== Stored data

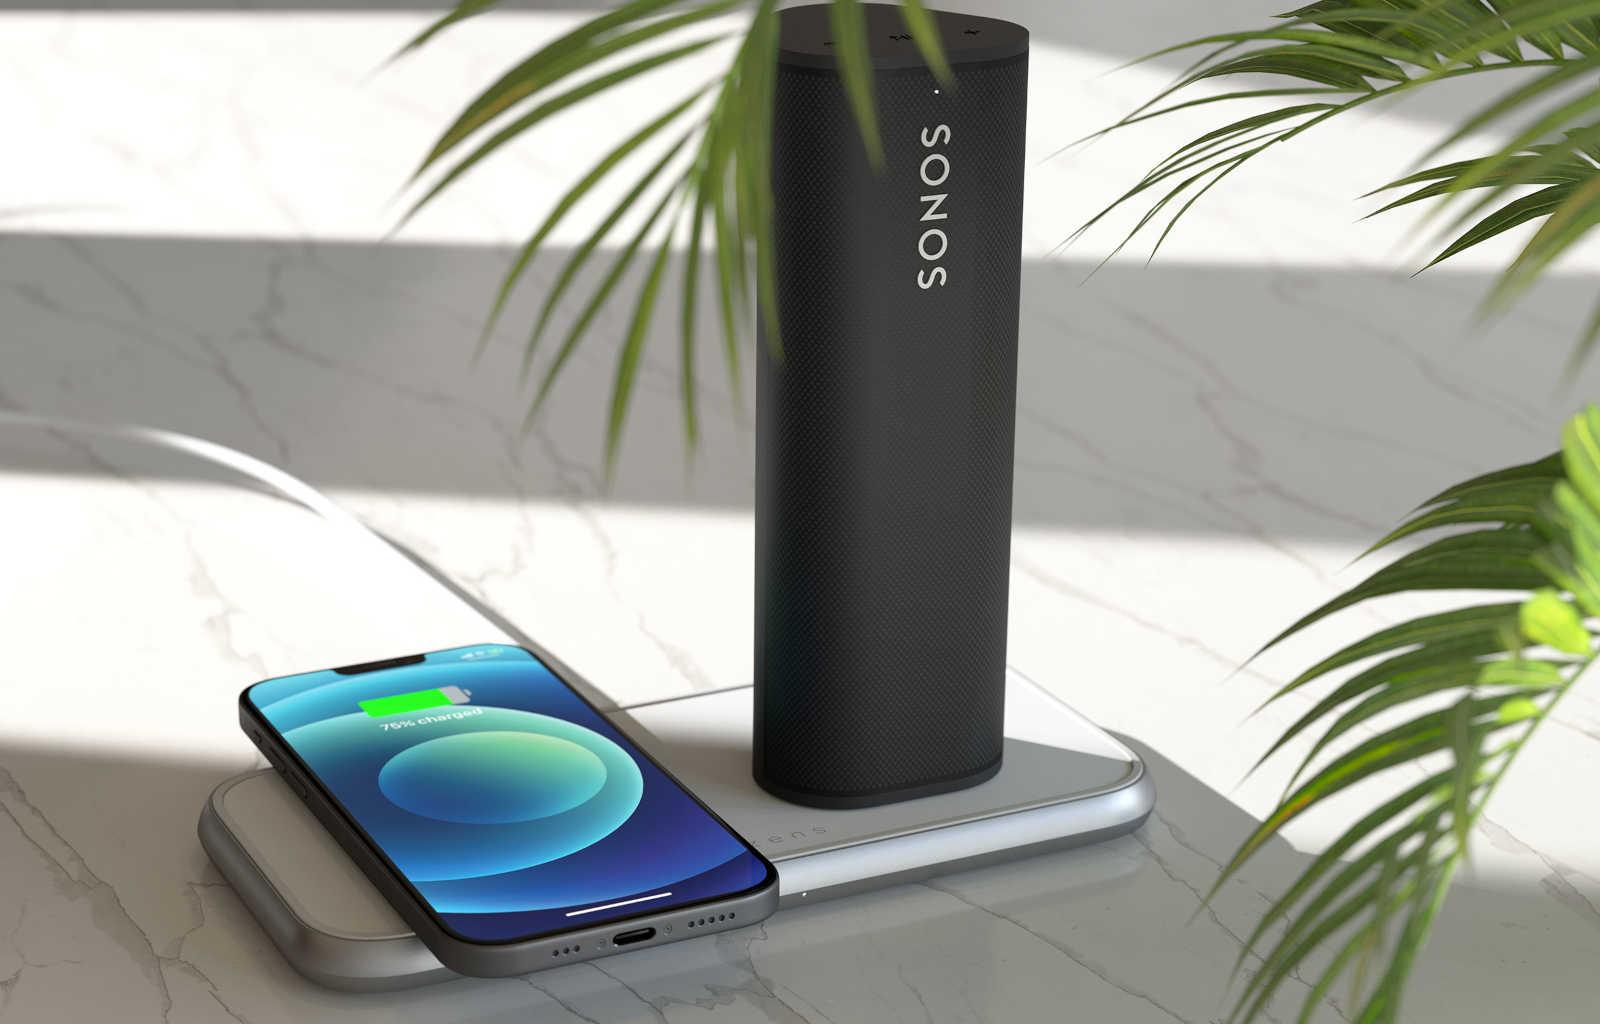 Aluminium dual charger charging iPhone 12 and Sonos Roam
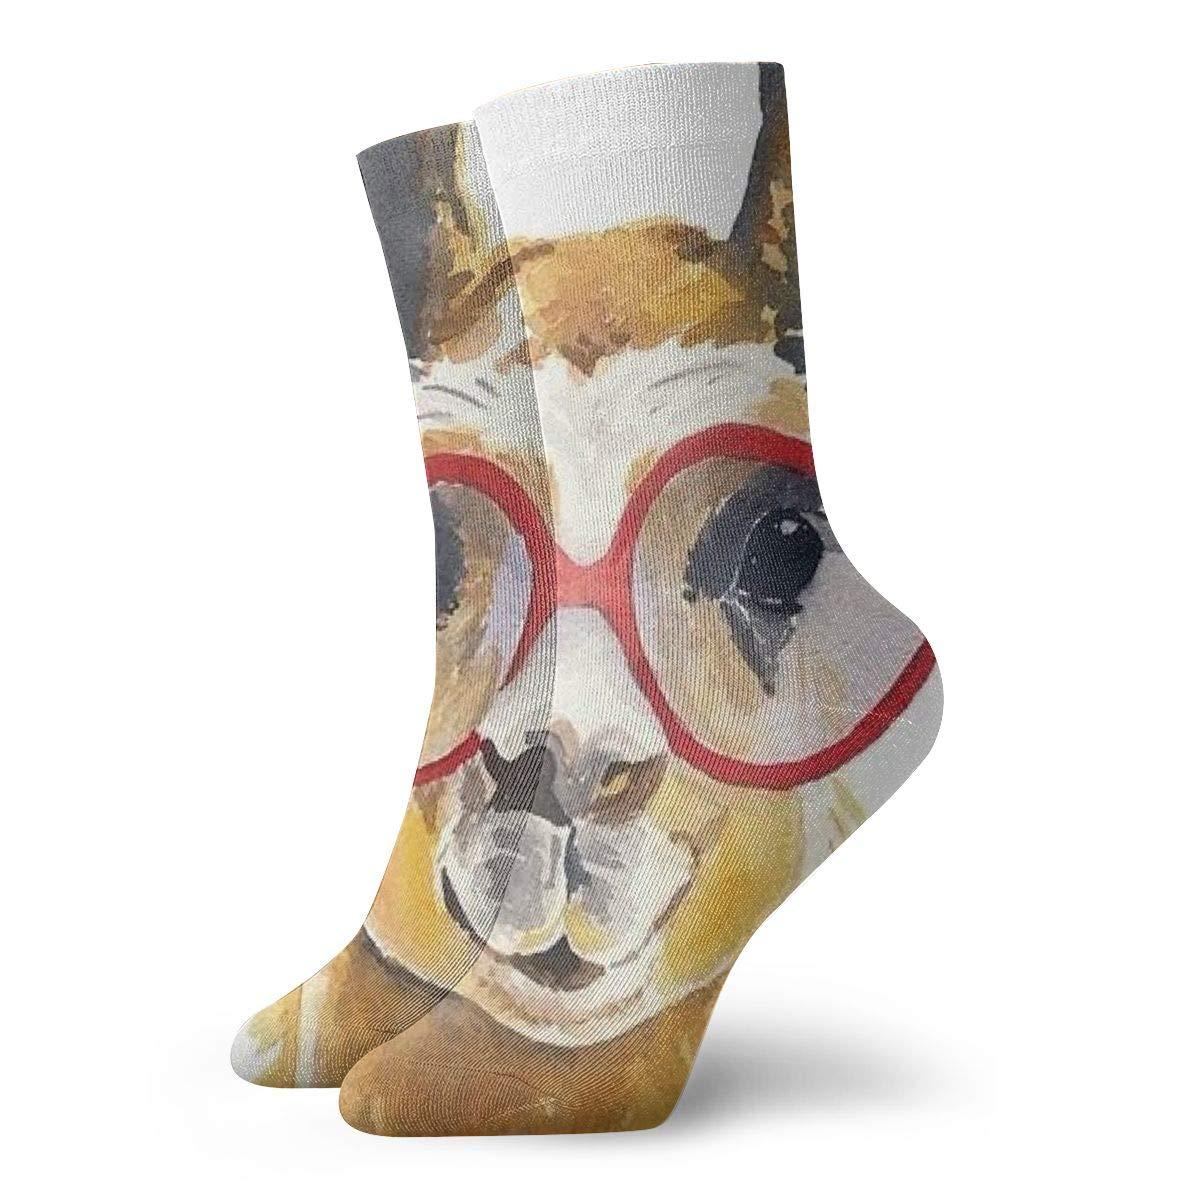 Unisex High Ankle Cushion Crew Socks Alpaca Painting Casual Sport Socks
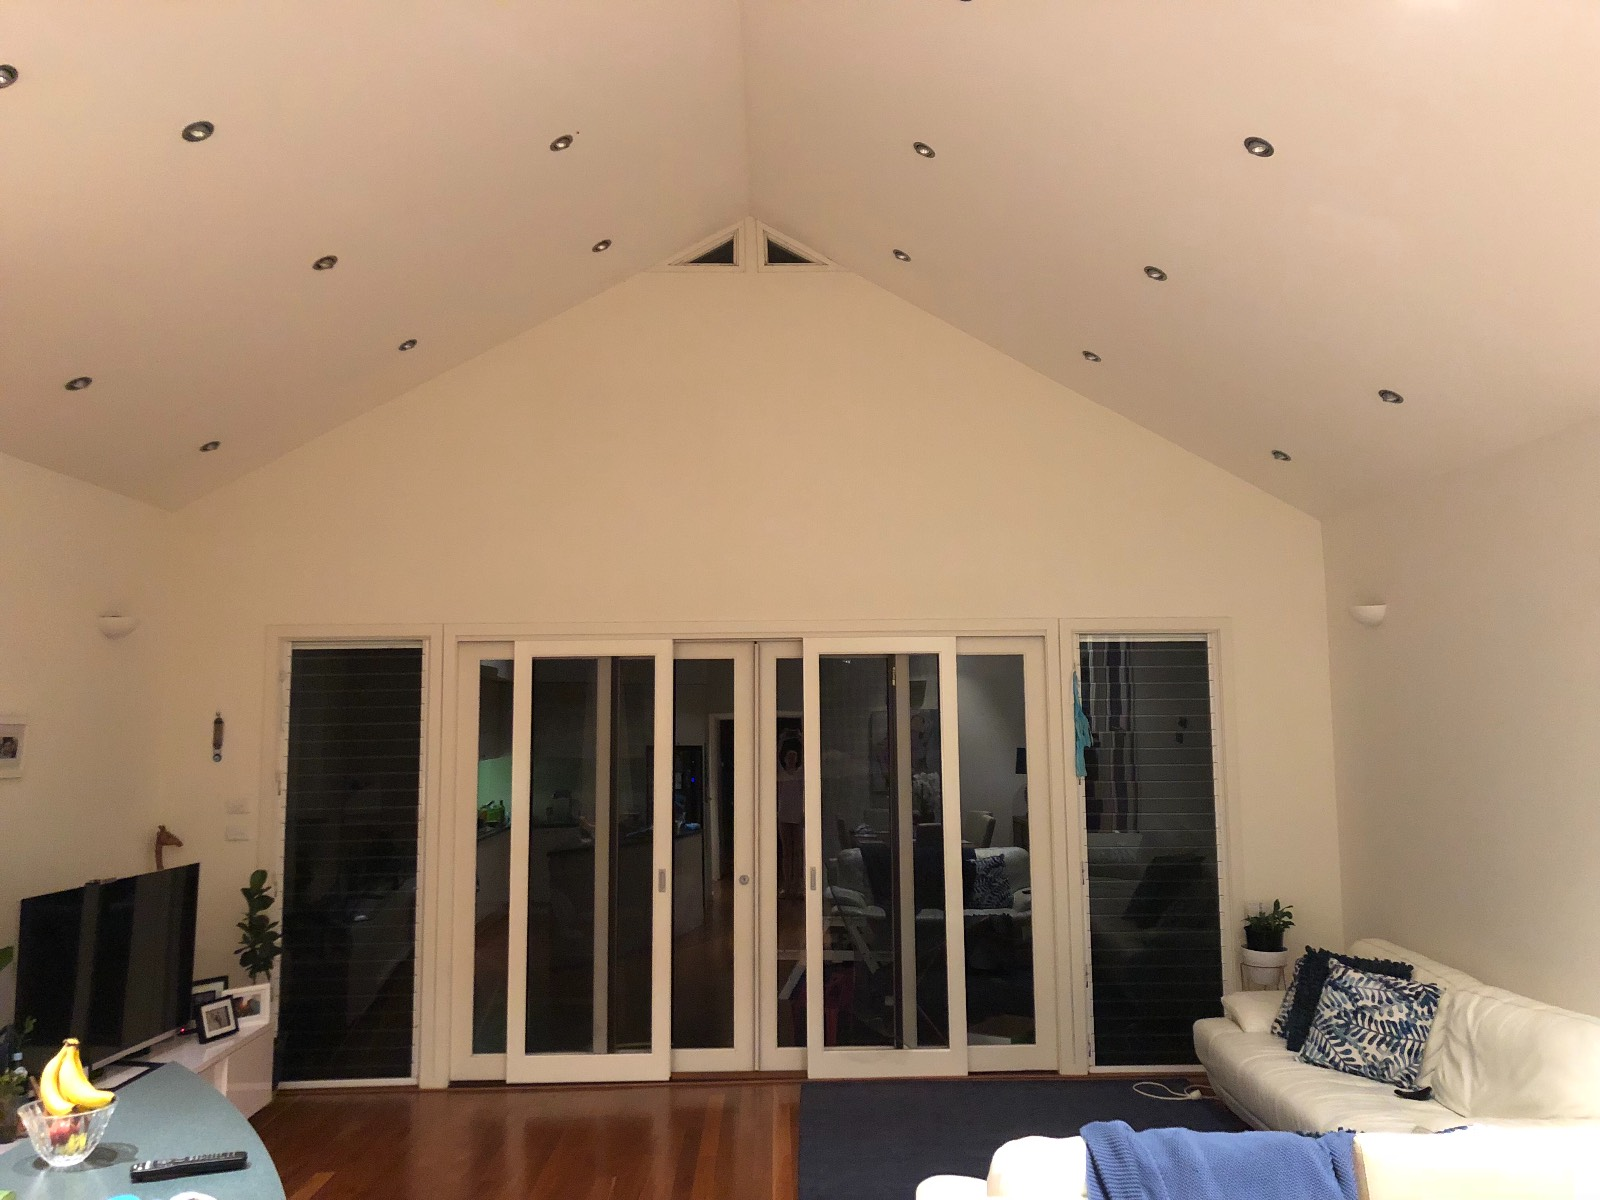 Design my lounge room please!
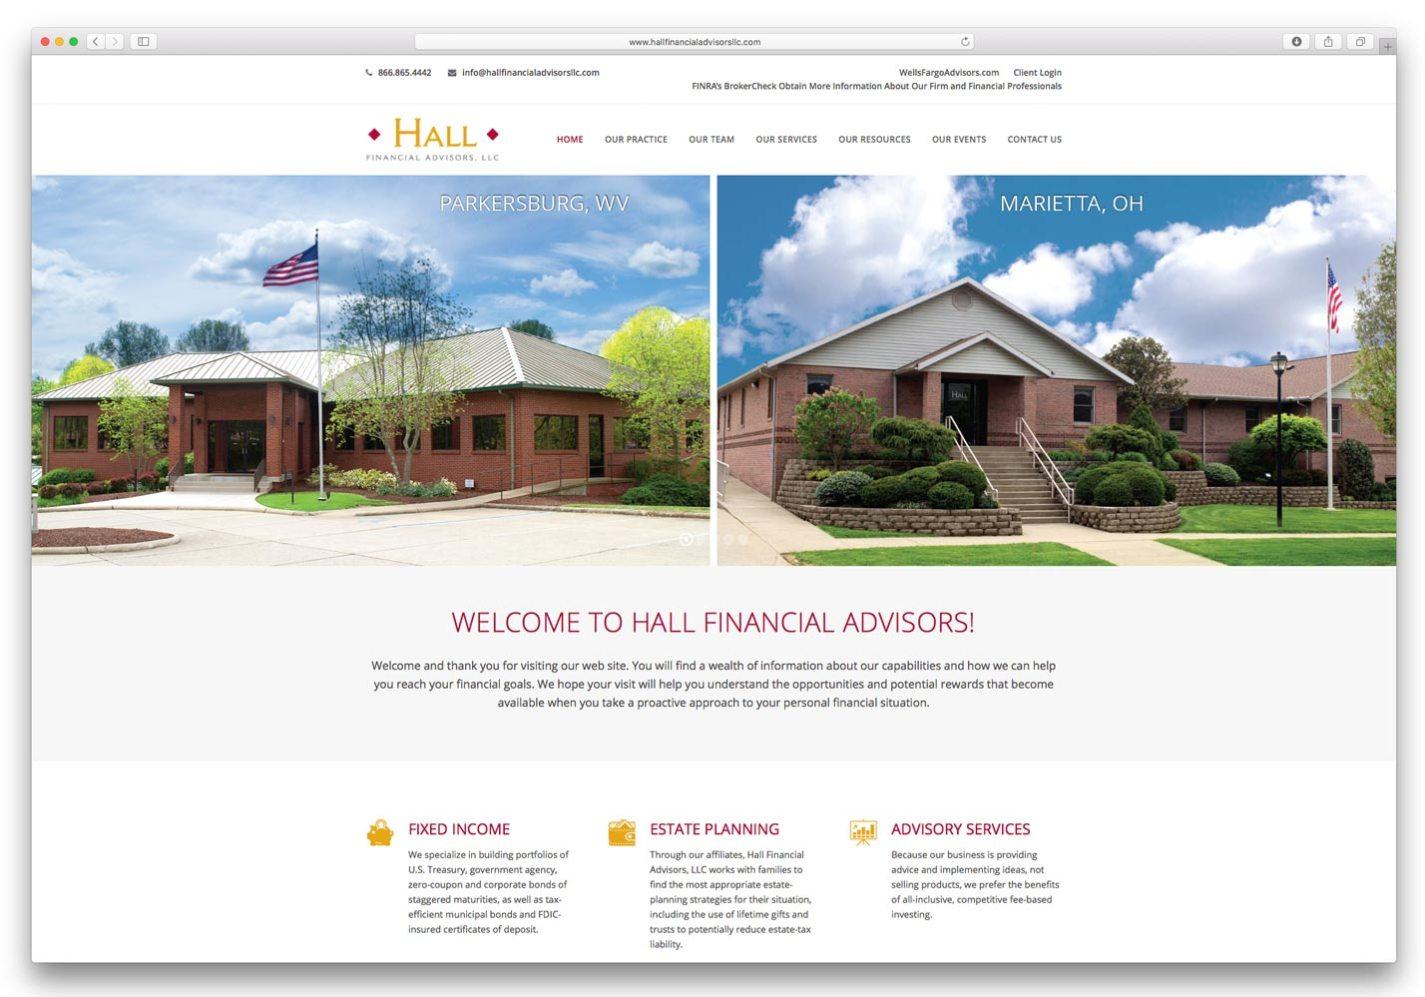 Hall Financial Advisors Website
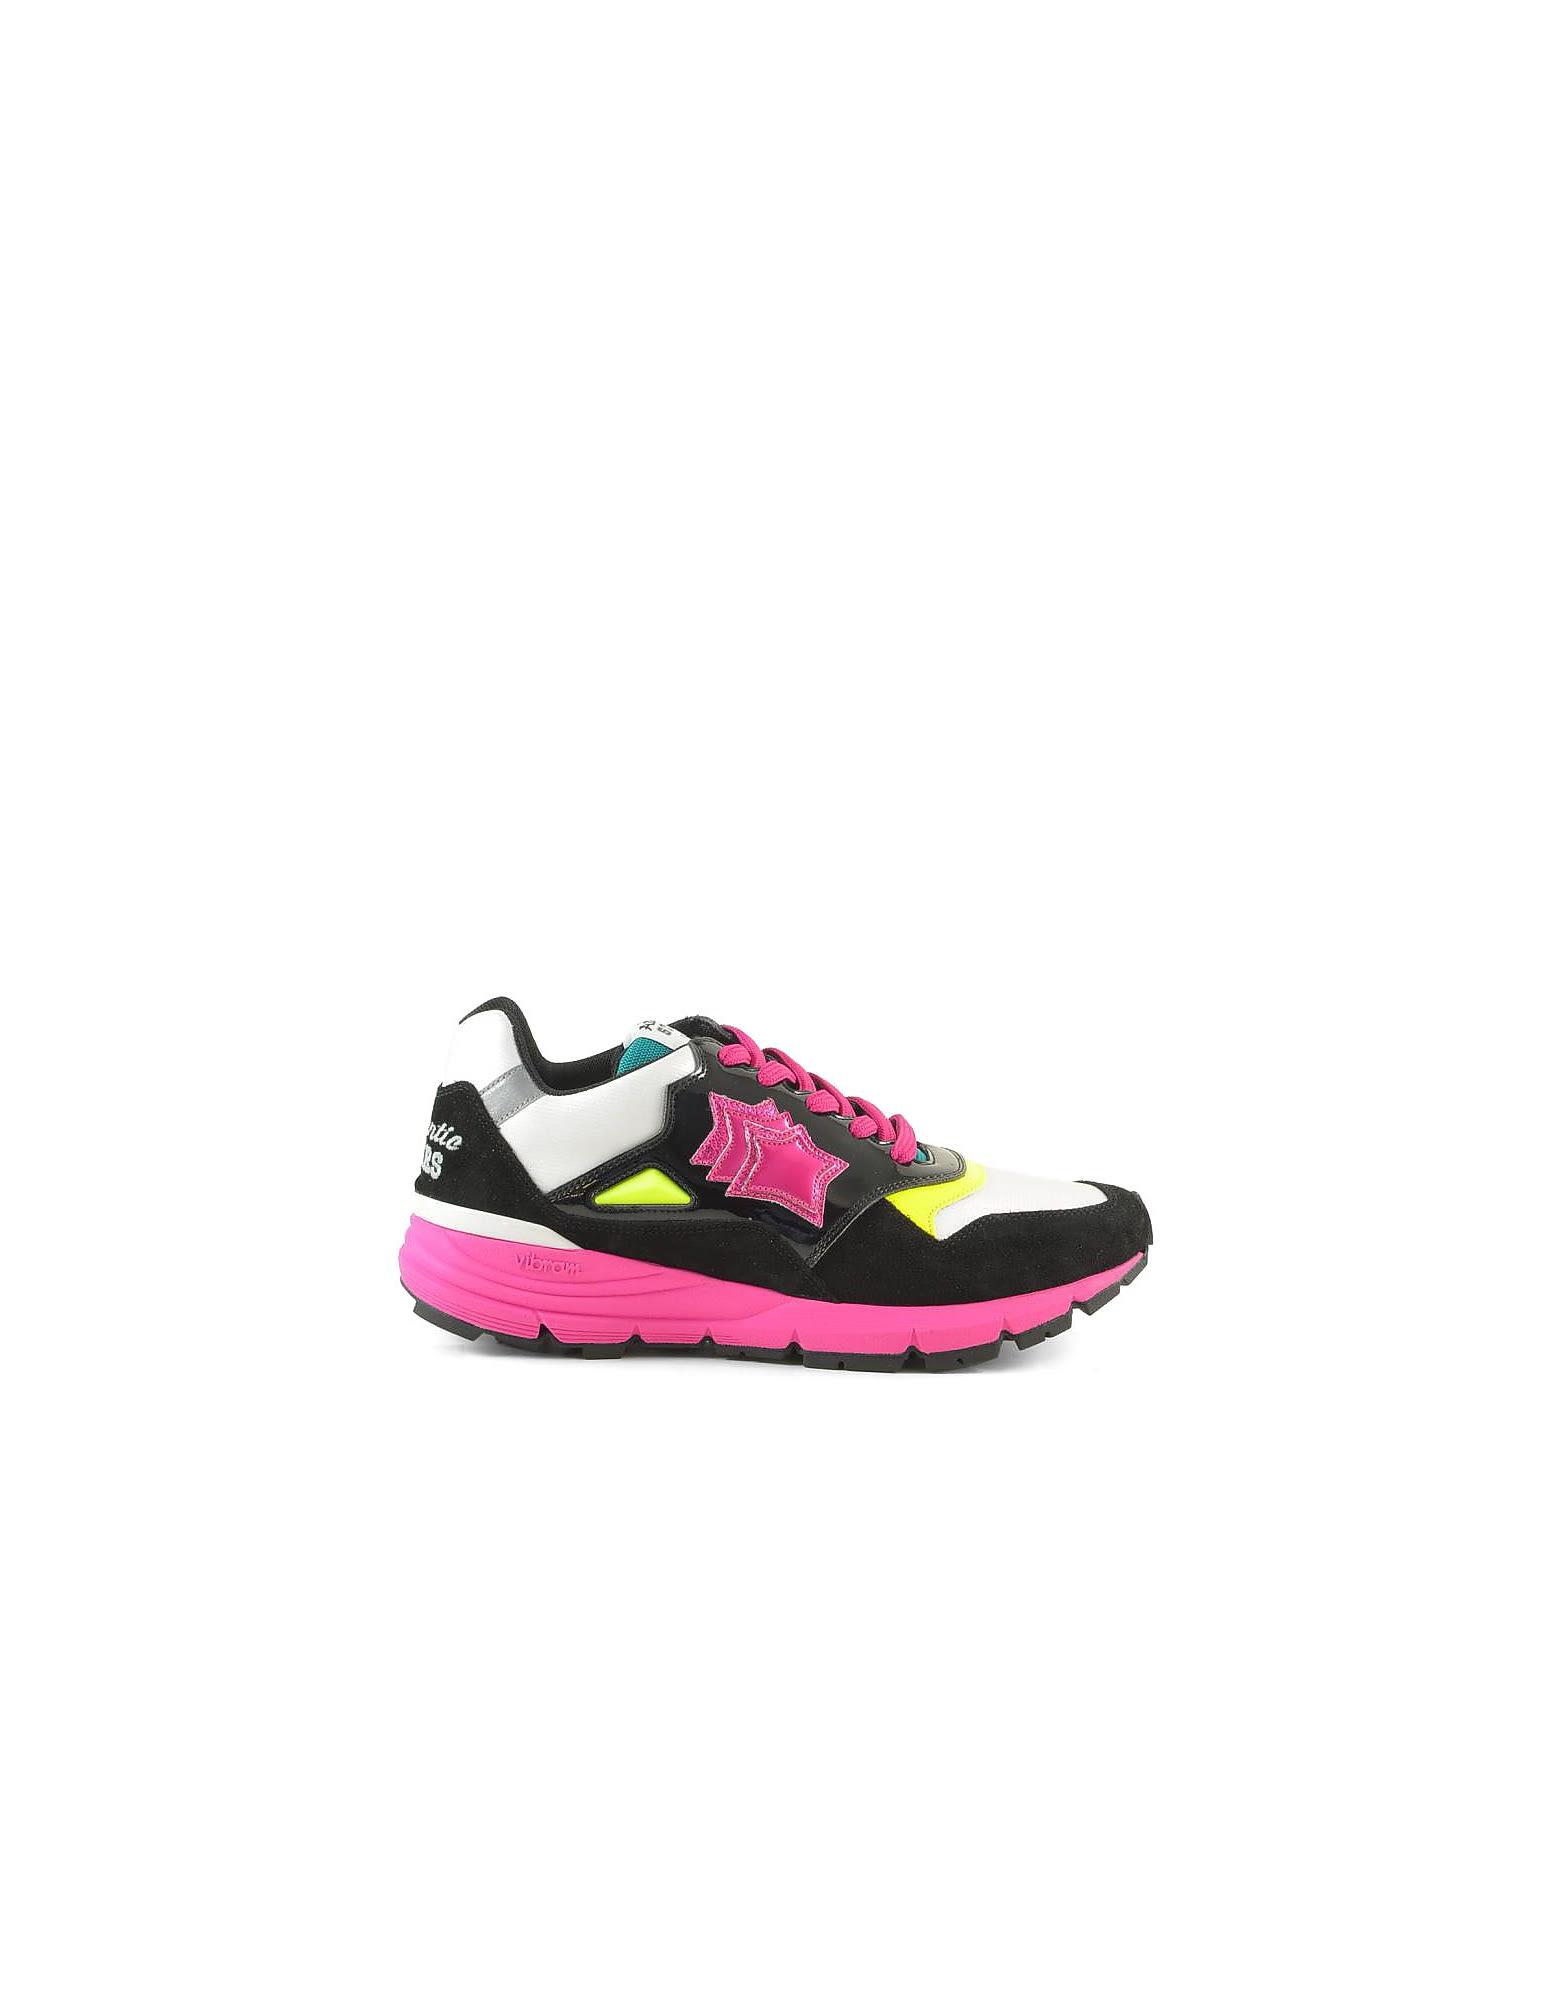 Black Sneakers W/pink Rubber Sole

====

Everything in the records above is to be copied exactly, except the pictures.

→ Solved problem:
 Aluminium dual charger charging iPhone 12 and Sonos Roam
 Unisex High Ankle Cushion Crew Socks Alpaca Painting Casual Sport Socks
 Design my lounge room please!
 Hall Financial Advisors Website
 Black Sneakers W/pink Rubber Sole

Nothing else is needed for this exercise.